L’AGEISMO NELLA PARTECIPAZIONE POLITICA

di Tin Li Oca

«Non sei mai troppo vecchio per essere un attivista». Così recitava lo slogan di Greenpeace. Ma è davvero così? Chi deve studiare, chi deve votare, chi deve lavorare, chi deve andare in pensione: gran parte del vivere sociale ruota attorno all’età. I pregiudizi e le barriere basate sull’età anagrafica frenano molte persone dal prendere decisioni o limitano la loro libertà. Tra le discriminazioni più sottili e pervasive delle società contemporanee si può infatti nominare l’ageismo. Come si riflette questa dinamica nell’attivismo politico?
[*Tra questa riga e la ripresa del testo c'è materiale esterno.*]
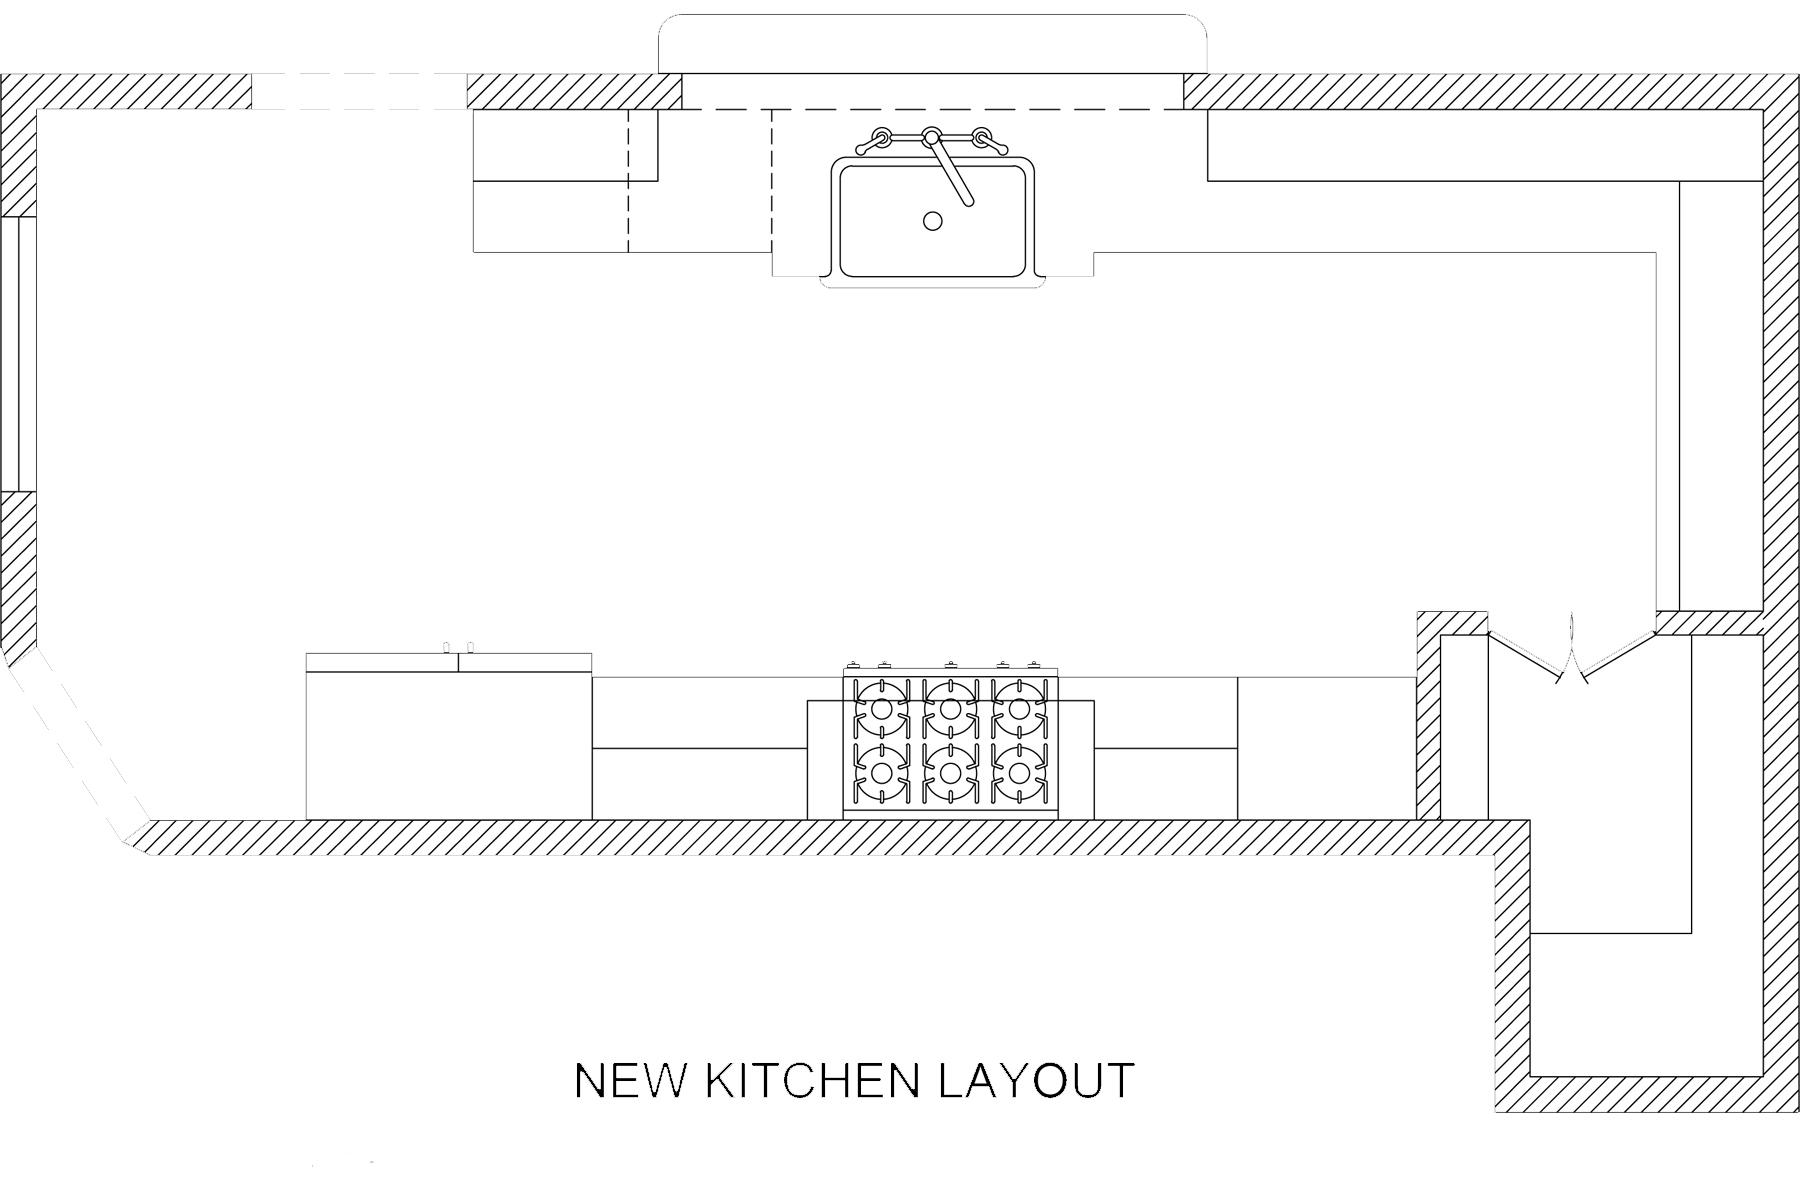 Floor-plan by Jamie House Design of new kitchen layout

L’età può avere implicazioni diverse a seconda che sia troppo acerba o troppo matura. Per quanto riguarda il primo caso, a parte il cliché dell’entusiasmo giovanile, essere politicamente impegnate è più facile quando si ha tempo e si è immerse in un ambiente culturalmente vivace. Eppure si presentano problemi sia interni alla comunità politica di riferimento sia esterni nel raccontare la propria attività: nel primo caso ci si trova spesso schiacciate nella figura del* neofita inascoltat*; nel secondo invece è facile vedersi cucito addosso lo stereotipo dell’adolescente ribelle. Soprattutto, in quest’ultimo caso, quando ci si trova a confrontarsi con persone più grandi e di differente veduta politica. Facile buttarla sempre sul «si, si, vabbè… sei troppo giovane per capire», con un misto di superficialità e sprezzo.
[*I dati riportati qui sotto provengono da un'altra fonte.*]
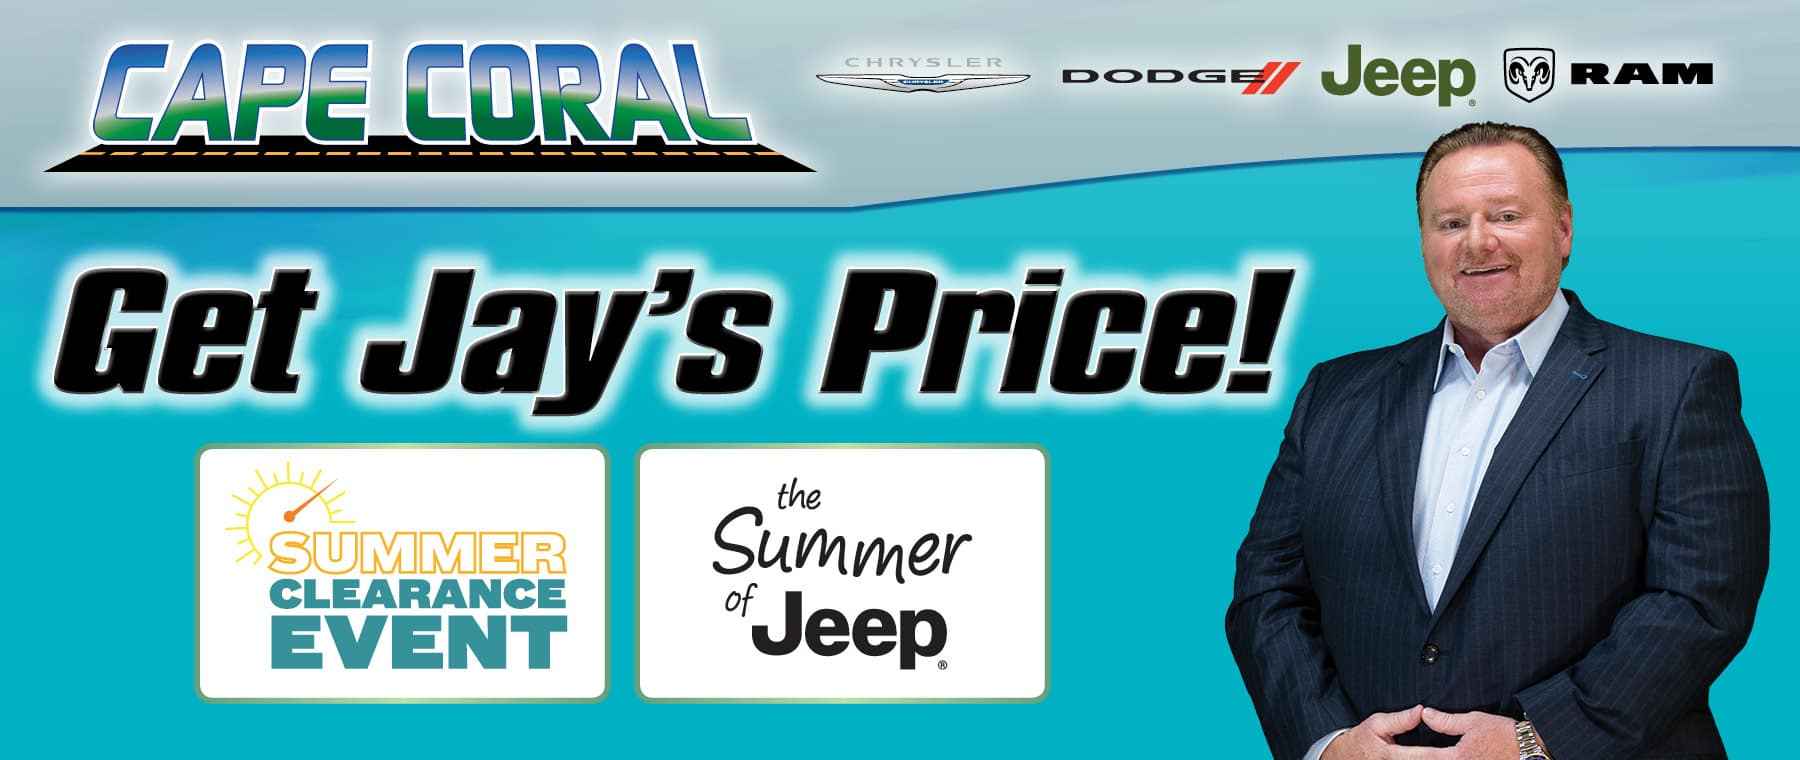 Get Jay's Price!
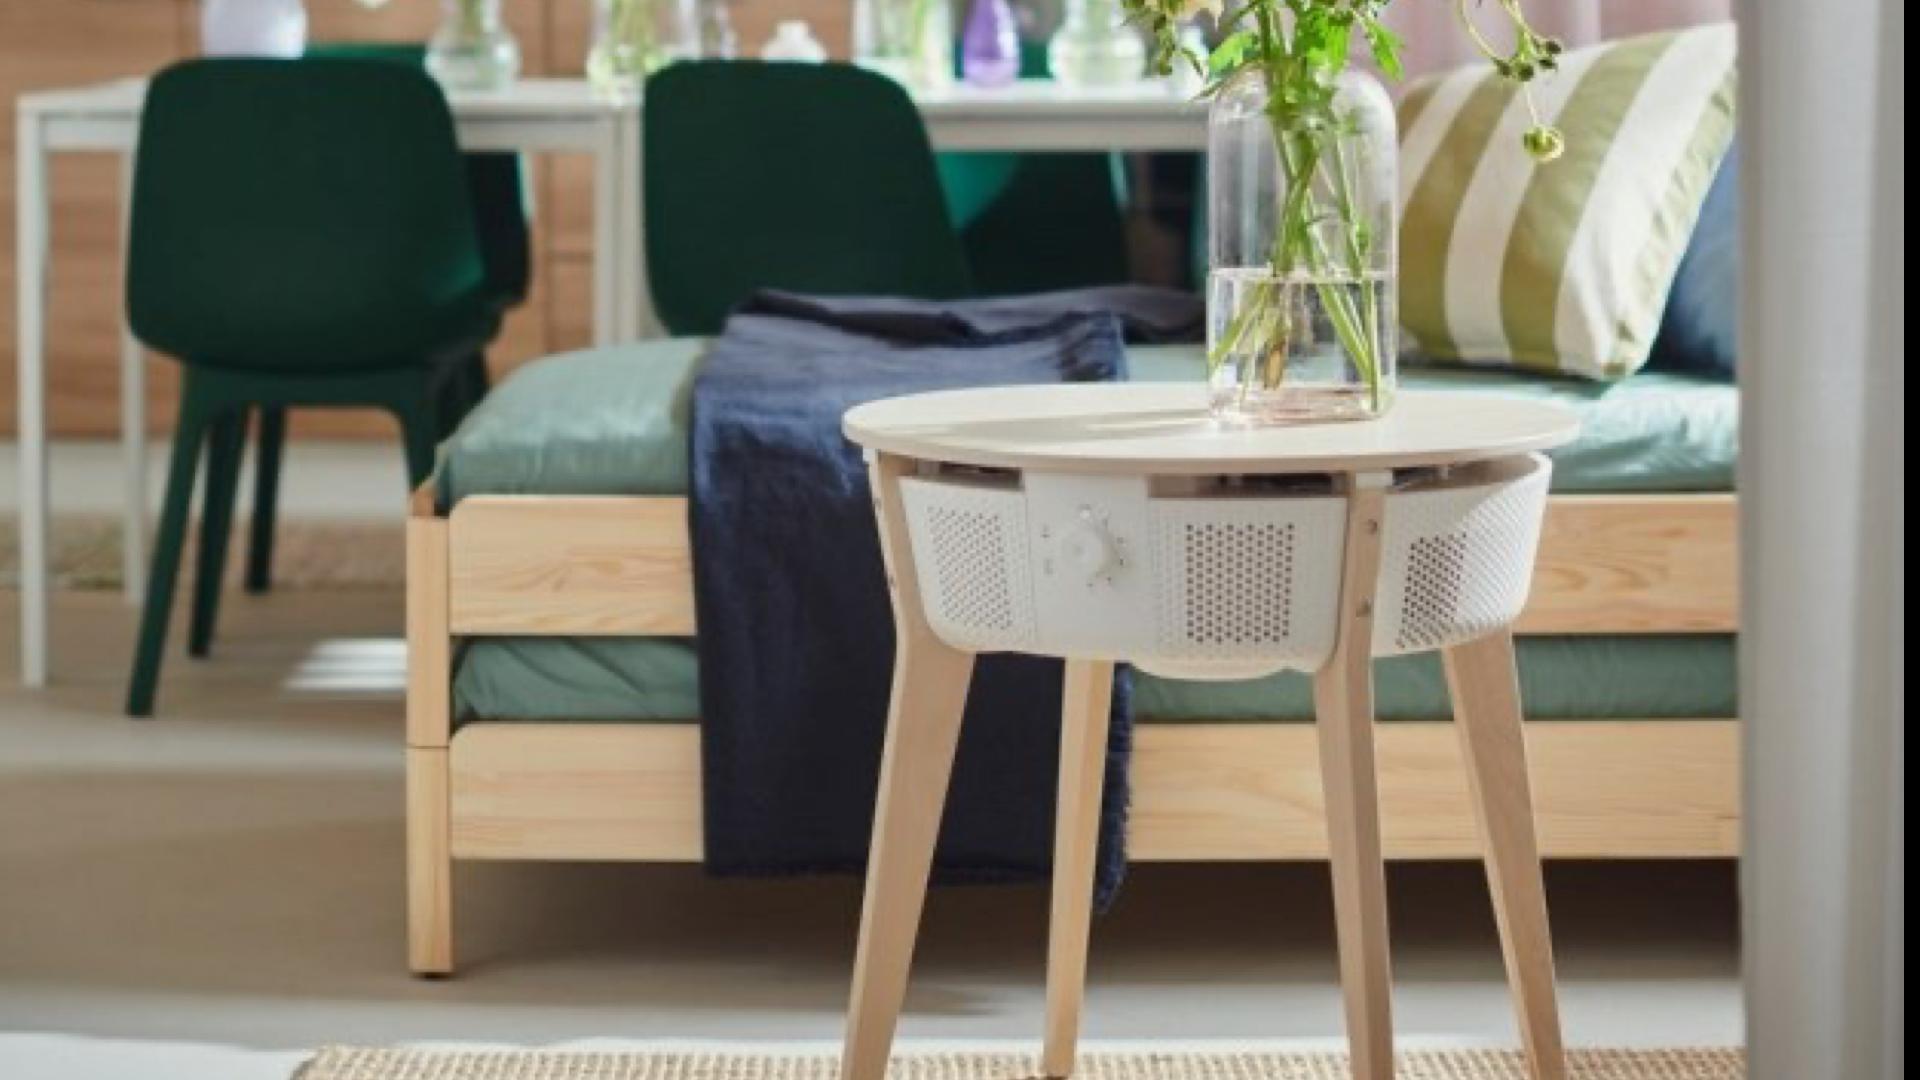 ikea air purifier table

Per chi ha qualche anno in più le difficoltà possono esser dovute alla carenza di energie e di tempo a disposizione, spesso ridotto per motivi di lavoro e altri impegni. Ed è questo un punto in cui si incrociano due aspetti ostativi alla partecipazione politica: da un lato i problemi legati all’età di cui si sta parlando, dall’altro uno strutturale problema di classe. Se si è costrette in un lavoro full time, magari neanche appagante, vittime della precarietà economica, allora non sarà certo facile impiegare altre energie all’interno di un consesso politico, che di energie ne richiede eccome. Nel caso di particolari forme di attivismo, anche quelle riconducibili alla rivendicazione di diritti civili magari LGBT+ e non solo, un problema non da poco è la difficoltà di far incontrare quella differenza di vedute insita nel problema generazionale. È questo un altro aspetto dell’ageismo che, in questi termini, è particolarmente presente nella nostra comunità. Quante di noi vedendo entrare in discoteca qualcuno con un bel po’ di anni in più della media, ha fatto battute, pensando che fosse fuori luogo? O quante volte si è sentita ripetere una frase, per carità scherzosa, del tipo: «Oddio, ho 25 anni, ormai sono decrepita»?. Si tratta di qualcosa che investe l’ambito relazionale ancora prima di quello dell’attivismo: e per questo è un meccanismo particolarmente difficile da disinnescare.

All’interno dello stesso panorama associazionistico LGBT+ ci si trova spesso di fronte a gruppi di socializzazione suddivisi per limiti d’età, alle volte molto vincolanti. Si pensi alle dichiarazioni del responsabile area giovani dell’Amsterdam Pride 2018, il quale riferì in un’intervista che le persone over 20 fossero particolarmente mal viste in quello spazio. All’estremo opposto basti notare la difficoltà nel raggiungere persone vicine alle terza o quarta età. La sfida che ci si deve porre, e che forse può aiutare almeno in parte a risolvere questo problema, è quella di mettere in campo un dialogo intergenerazionale serio e impegnativo, per condividere innanzitutto esperienze e sensazioni distanti, creando un senso di comunità e di intenti comuni. A partire da quel punto, la partecipazione politica potrebbe scoprirsi essere il più automatico dei passi successivi. Da una rete di comunità alla società tutta.